The first section of the document addresses the authorized capital of the company. If there is a need to increase the authorized share capital, it specifies the amount and type of additional ordinary shares to be created. This ensures that the company has the necessary capital for its operations.
The next section deals with a potential change of the company's name. If there is a decision to change the name, it is clearly stated in this section. This can be important for rebranding purposes or to reflect a change in the company's focus.

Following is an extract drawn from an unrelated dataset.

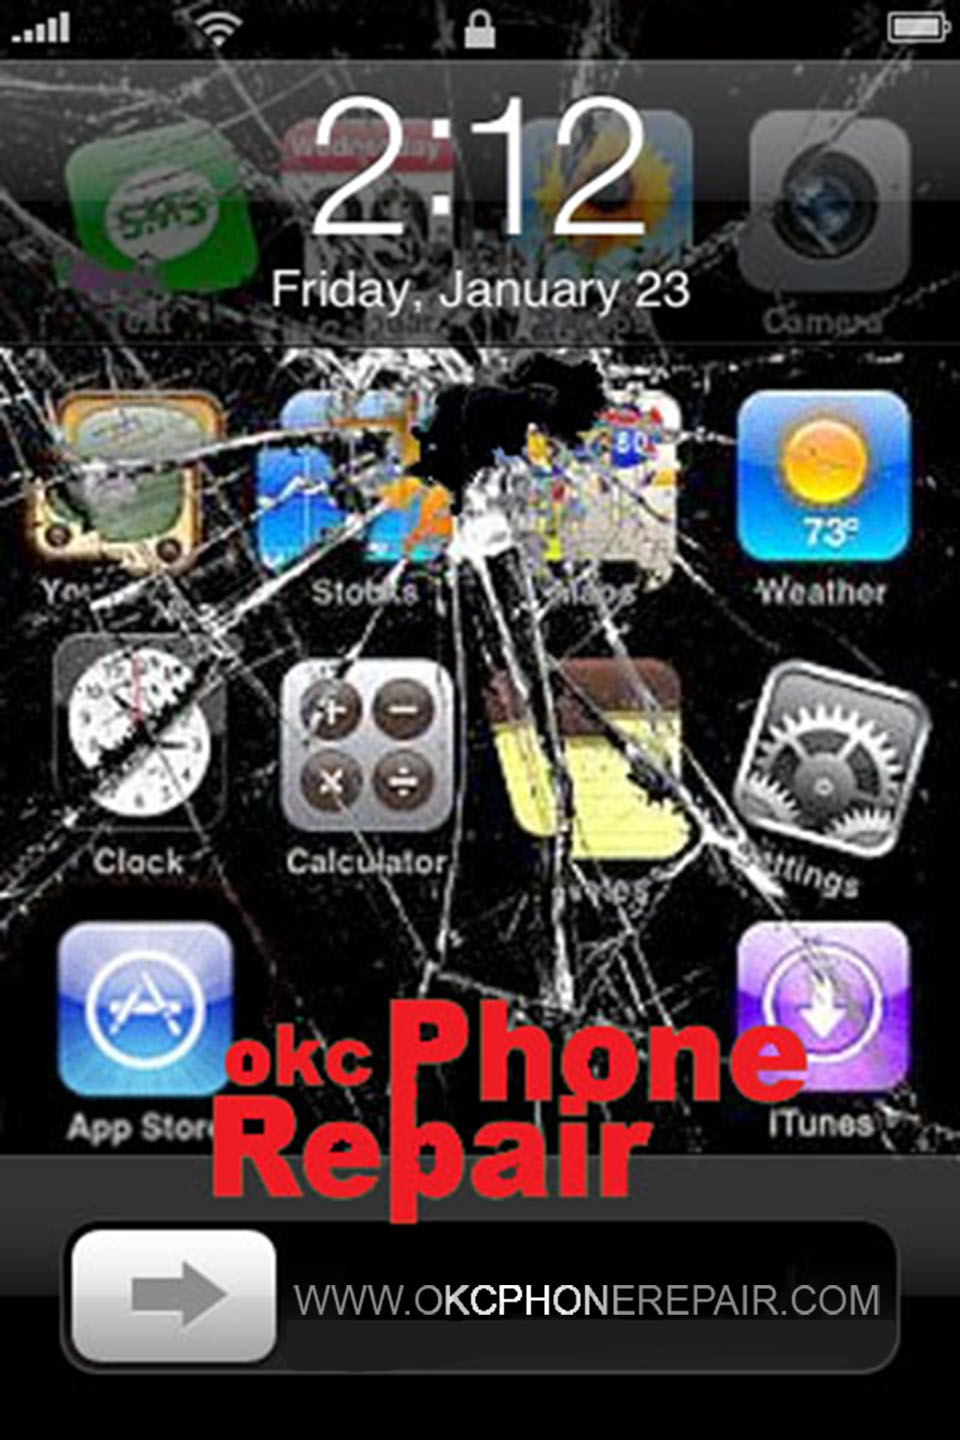 OKC Phone Repair

If there is a need to alter the memorandum of association, the document provides a section for this purpose. It states that the existing sub-clause will be deleted and replaced with a new statement of objects. This ensures that the company's objectives are accurately reflected in its memorandum of association.
Similarly, if there is a need to change the articles of association, the document provides a section for this purpose. It states that the new regulations, attached to the written resolution, will replace the existing articles of association. This ensures that the company's internal rules and regulations are up to date.
The document also addresses the allotment of securities. It grants the directors the authority to allot relevant securities up to a certain nominal amount for a specified period. This ensures that the company has the flexibility to issue securities when needed.
Finally, the document includes provisions for signatures and communication with the company's auditors. It provides spaces for the sole member or members to sign and date the document. If there is an auditor appointed, a copy of the resolution is sent to them, and their confirmation of receipt is included.
In summary, the 'Written Resolutions of Sole Member / Members / Shareholders' document is a comprehensive record of the resolutions agreed upon by the sole member or members of a company. It covers important aspects such as authorized capital, company name change, alteration of memorandum and articles of association, allotment of securities, and communication with auditors.
1. Determine the need for resolutions: Assess whether there is a need for resolutions regarding authorized capital, company name change, alteration of memorandum or articles of association, or allotment of securities.
2. Prepare the document: Fill in the relevant sections of the document based on the decisions made. Provide accurate and detailed information to ensure clarity.
3. Obtain signatures: If the document is for a sole member, ensure that the sole member signs and dates the document. If there are multiple members, provide enough signing spaces for each member to sign and date.
4. Communicate with auditors (if applicable): If there is an auditor appointed, send a copy of the resolution to them. Obtain their confirmation of receipt.
5. Store the document: Keep a copy of the document in a secure location for future reference and compliance purposes.
Note: It is important to consult legal and financial professionals when preparing and executing resolutions to ensure compliance with applicable laws and regulations.